The Meaning of Womanhood

This year, I am planning to dedicate a significant portion of my reading and personal study time to exploring feminism and spirituality. I call myself a feminist, but I think I could be more educated about the histories and current theories of feminism. There is also a wealth of feminist spiritual literature to dig into (thanks for lending me Dance of the Dissident Daughter, Deborah!) My reading list for the year includes Women Who Run with the Wolves, At the Root of This Longing, Embracing Jesus and the Goddess, and The Spiral Staircase. (Further suggestions are welcome).

I’d like to kick off my exploration with some dialogue with fellow feminists and women and anyone else who would like to chime in.Here is my first question:

Are there any essential or intrinsic qualities of womanhood?
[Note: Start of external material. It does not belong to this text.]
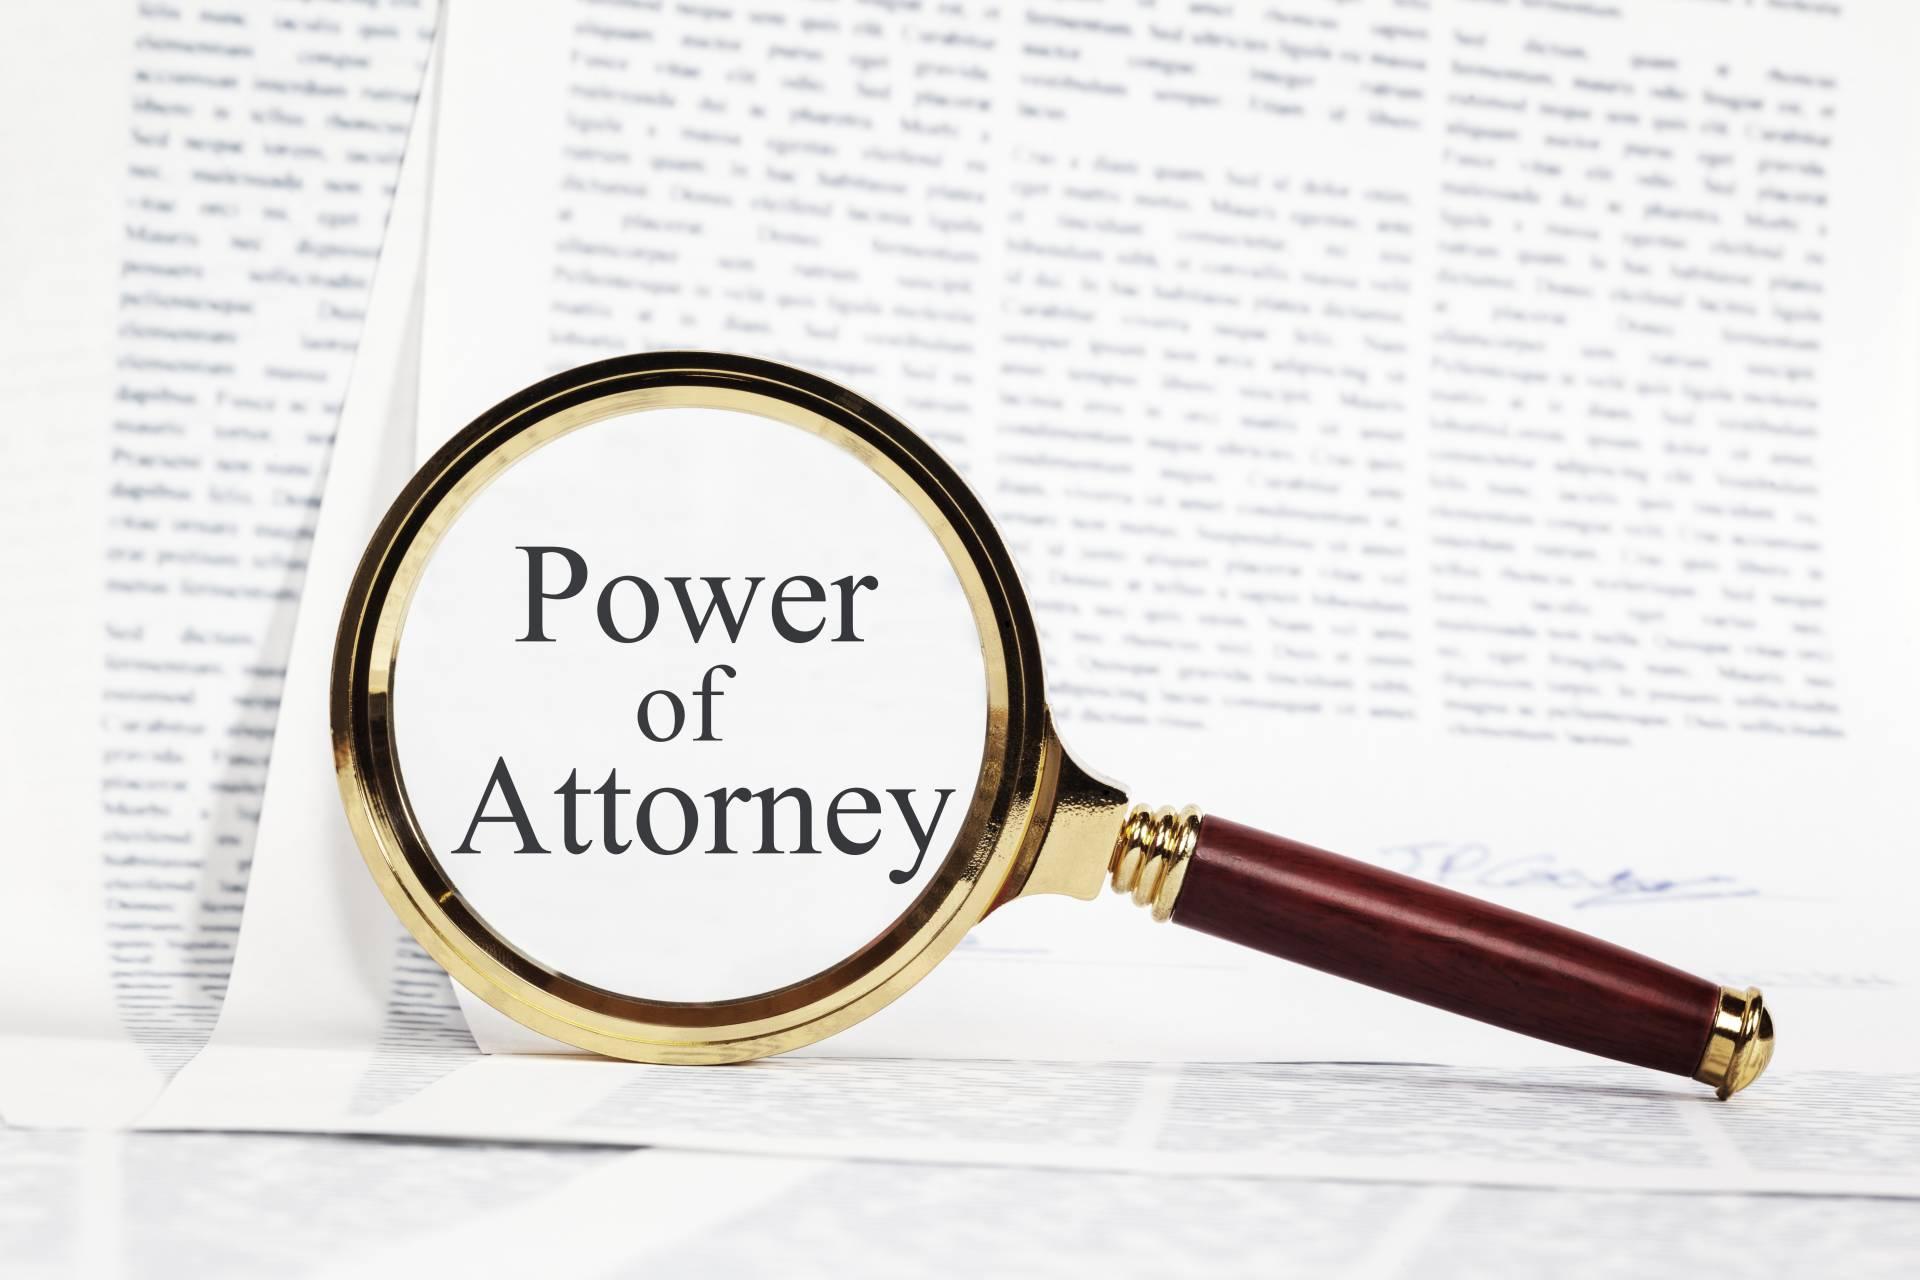 estate planning lawyer Utah

If you think there are, what are they?

Of course there are physiological differences, but beyond that, what is there really? I do have a few of my own thoughts on this, but this time I’d like to know what others think first. My intention is to be more open to new ideas than I sometimes am.

To follow up with my first question, I typed woman, women, and womanhood into the search function on lds.org. Reading through approximately the first twenty hits, I gleaned a list of descriptors given to women:

Special
beautiful and chaste
caregivers
natural grace, goodness, and divinity.
Femininity . . .is the divine adornment of humanity.
capacity to love, spirituality, delicacy, radiance, sensitivity, creativity, charm, graciousness, gentleness, dignity, quiet strength.
feminine intuition
smiling loveliness
innate beauty, charm, decency, and goodness
a beautiful and chaste woman is the perfect workmanship of God
Woman is God’s supreme creation
beautiful, none more inspiring than a lovely daughter
compassionate, self-sacrificing, loving
it is their nature to give and please others
full feminine splendor of her righteous womanhood.
virtuous, homemaker
spiritual and sensitive, tender and gentle.
They have a kind, nurturing nature
precious, nurturers, teachers
womanly instincts of care and mercy
Special spiritual sensitivity
So often the service of women seems instinctive
So often our sisters comfort others when their own needs are greater than those being comforted
Selflessness, faith, virtue, vision, and charity
Helpmeet, radiant and divinely fair
the greatest glory of true womanhood has been motherhood
God’s greatest creation is womanhood

And for my second question:
What are your reactions to this list?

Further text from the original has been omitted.